Pluralidade
de pensamento é ótimo, mas é também dever do cristão procurar a Verdade com V
maiúsculo.
Caro professor Benedito,
Confesso que fiquei preocupado com sua nomeação para apresidência da Capes, um dos principais órgãos de fomento à ciência
no Brasil.
E não foi por causa da sua posição como homem de fé.
Nesse ponto, gostaria de acreditar que o senhor e eu temos muito em comum, como
evangélico e católico, respectivamente. (Foi-se o tempo em que papistas e
calvinistas cortavam as gargantas uns dos outros por causa de questiúnculas
teológicas, graças a Deus –embora haja gente por aí que adoraria ver esses
dias retornarem.)
O que me preocupa mesmo são duas outras coisas: seu
histórico de defesa do chamado Design Inteligente —um
criacionismo repaginado— como alternativa à teoria da evolução e, o que me soou
pior ainda, o tom do texto publicado no site da Capes assim que o senhor
assumiu suas novas atribuições, sob muitas críticas.
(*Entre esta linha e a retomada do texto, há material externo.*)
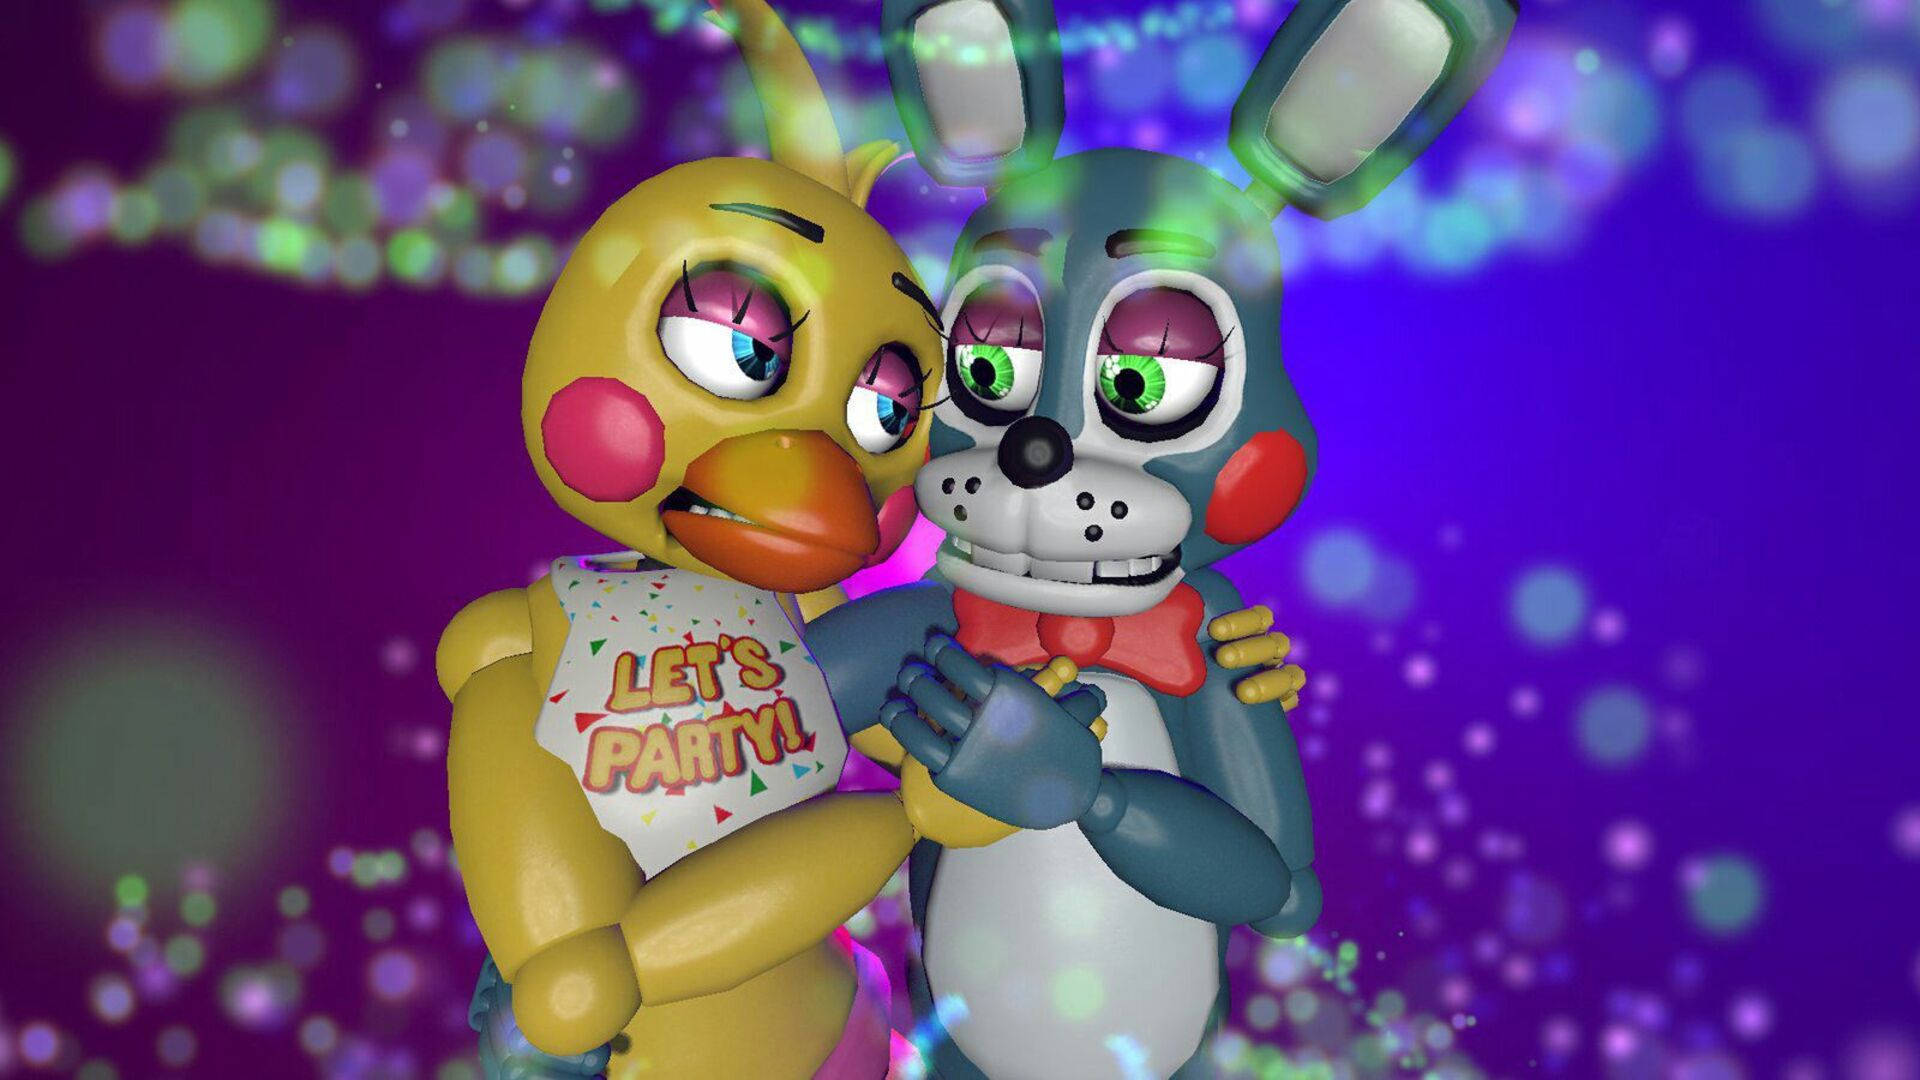 Download Fnaf Chica And Bonnie Couple Wallpaper

O texto fala, em seu nome, da importância da
“pluralidade de pensamento” e da “liberdade de cátedra”. Quem poderia ser
contra essas coisas, não é mesmo? Dizem, porém, que o Diabo mora nos detalhes
–ou, nesse caso, no subtexto do que está sendo dito.
Pluralidade de pensamento é ótimo, mas é também dever do
cristão (e de todo ser humano) procurar a Verdade com V maiúsculo. E isso me
leva a Galileu Galilei (1564-1642).
O sábio italiano, em seu diálogo (e, mais tarde,
confronto) com as autoridades religiosas, refinou a metáfora medieval dos
dois grandes Livros que nos guiam –as Escrituras, de um lado, e o Livro da
Natureza, de outro. A premissa por trás dessa ideia é que Deus não é mentiroso
(nisso decerto concordamos, mais uma vez), nem é mentirosa a nossa razão quando
buscamos ler ambos os livros de coração aberto.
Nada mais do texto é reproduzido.